▶ GOAL OF THE EXERCISE: In the data below, the copy begins at the line containing "Vhbw - vhbw" and runs through the last line; repeat those lines exactly, minus the pictures.

▶ GIVEN MATERIAL:
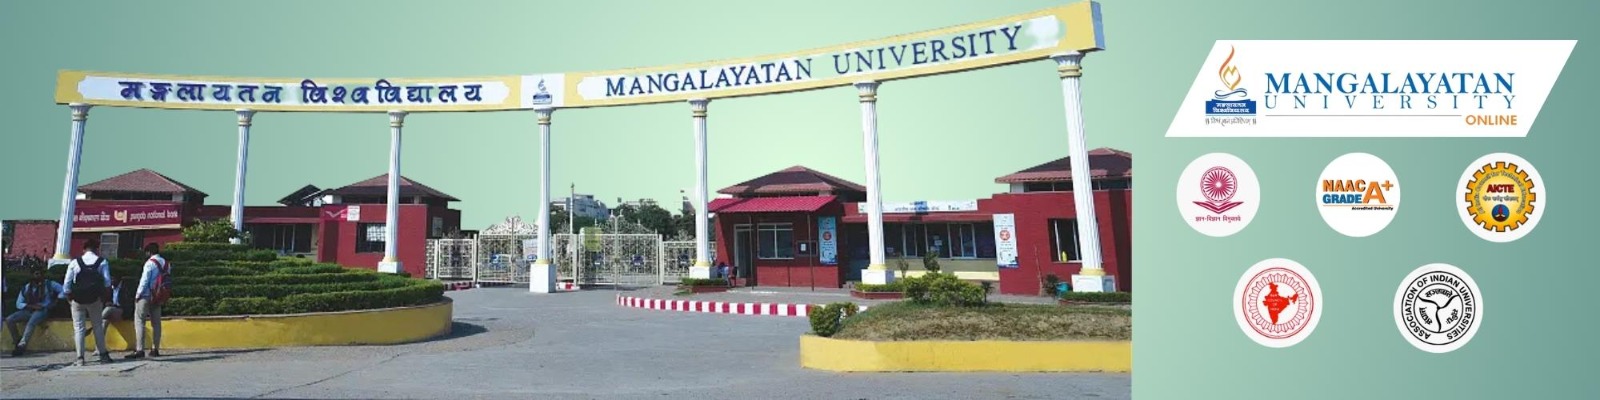 Unlock Your Future: Pursue an Online BCA Degree at Mangalayatan University
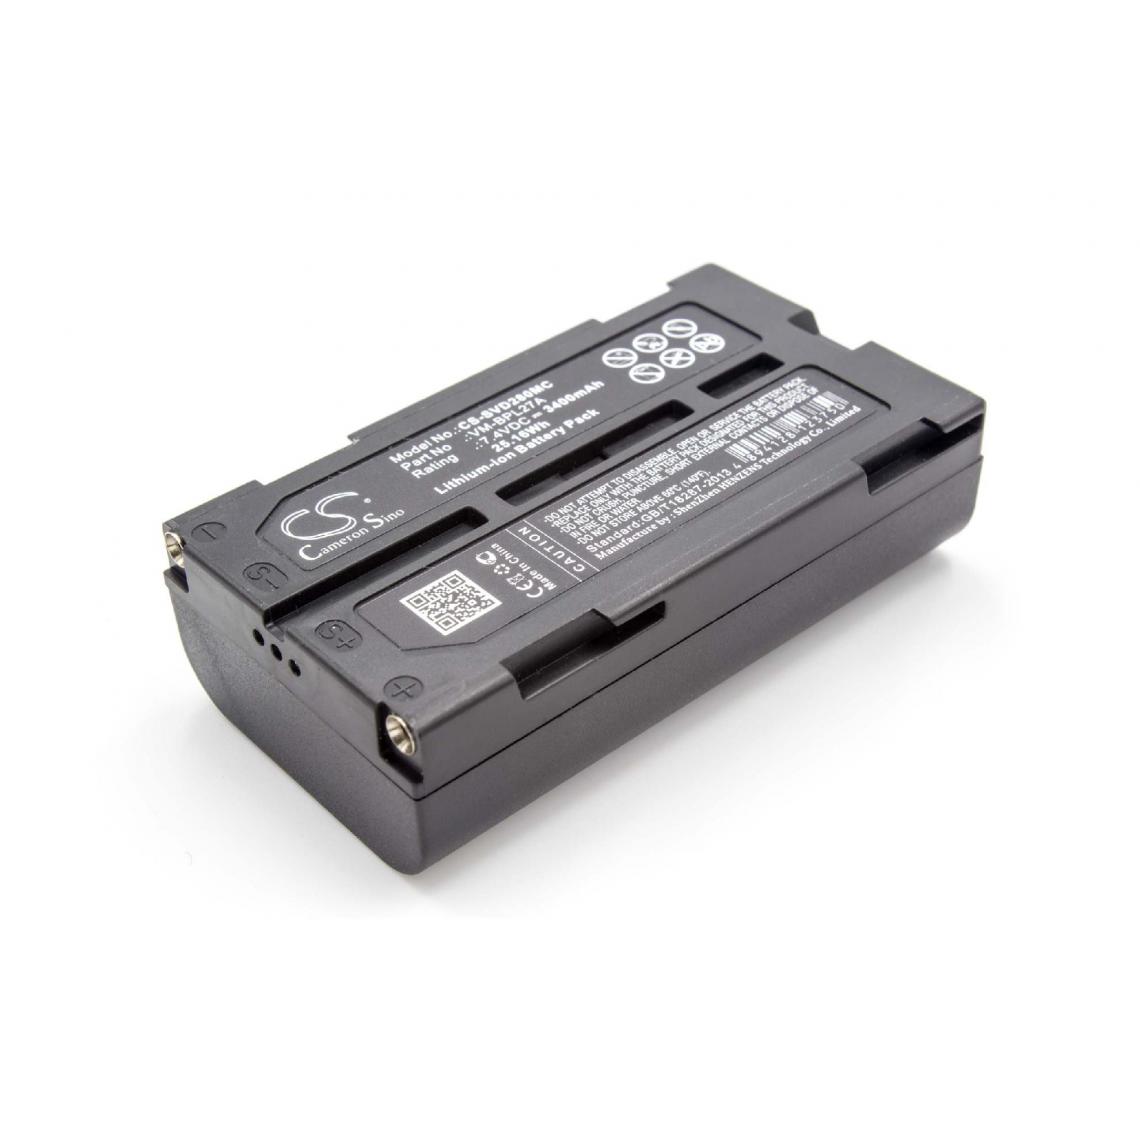 Vhbw - vhbw Batterie compatible avec Sokkia SET230RK3, SET2 30RK3, SET 230RK3, SET250RX, SET300, SET 300 outil de mesure (3400mAh, 7,4V, Li-ion) - Piles rechargeables
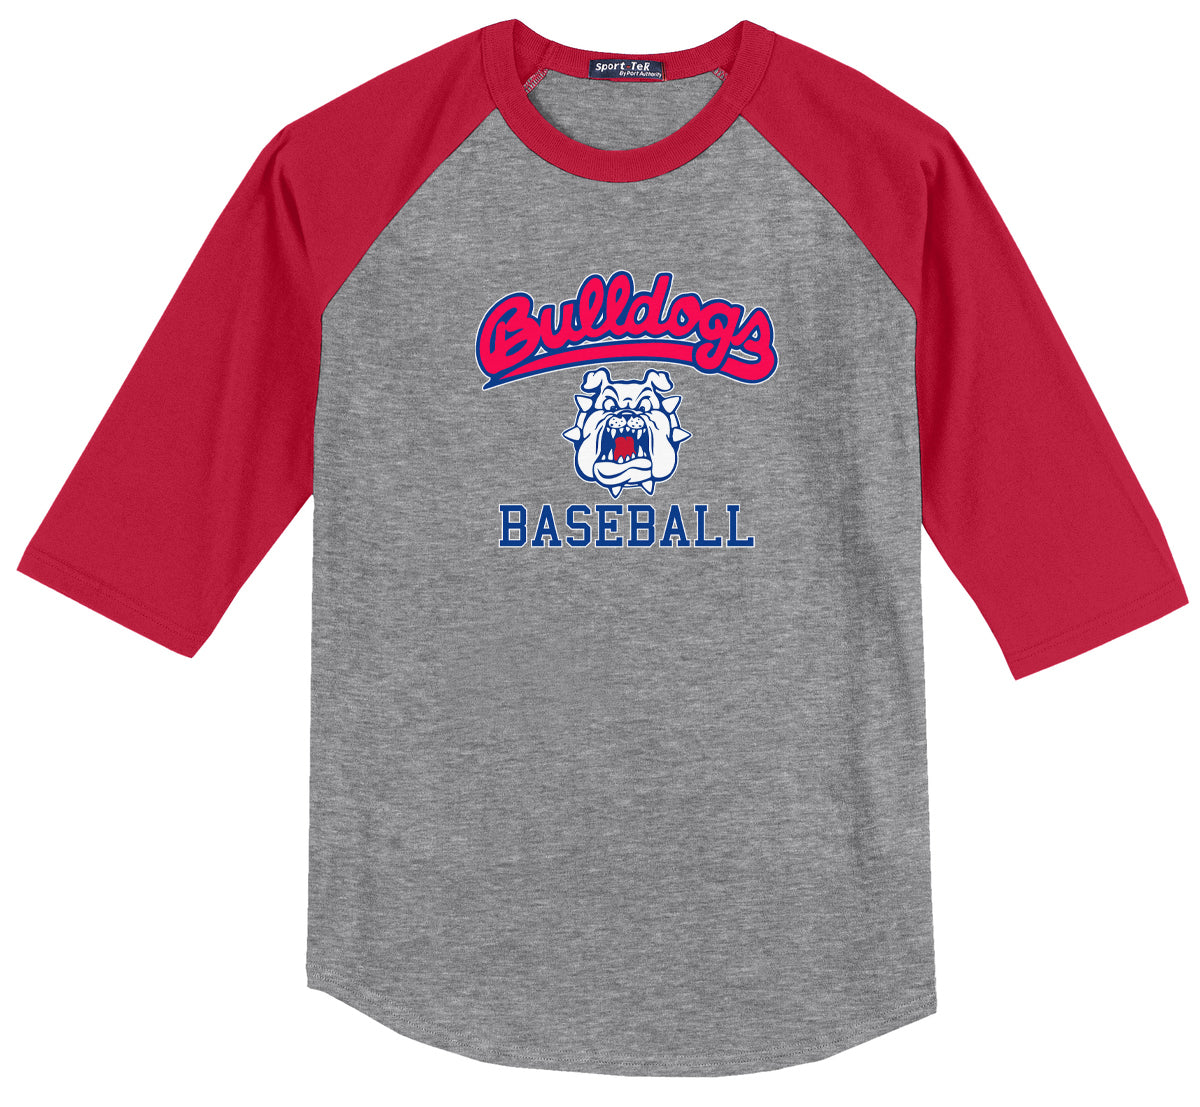 Michigan Bulldogs Baseball 3/4 Sleeve Baseball Shirt

▶ ANSWER FOR THE TASK:
 Vhbw - vhbw Batterie compatible avec Sokkia SET230RK3, SET2 30RK3, SET 230RK3, SET250RX, SET300, SET 300 outil de mesure (3400mAh, 7,4V, Li-ion) - Piles rechargeables
 Michigan Bulldogs Baseball 3/4 Sleeve Baseball Shirt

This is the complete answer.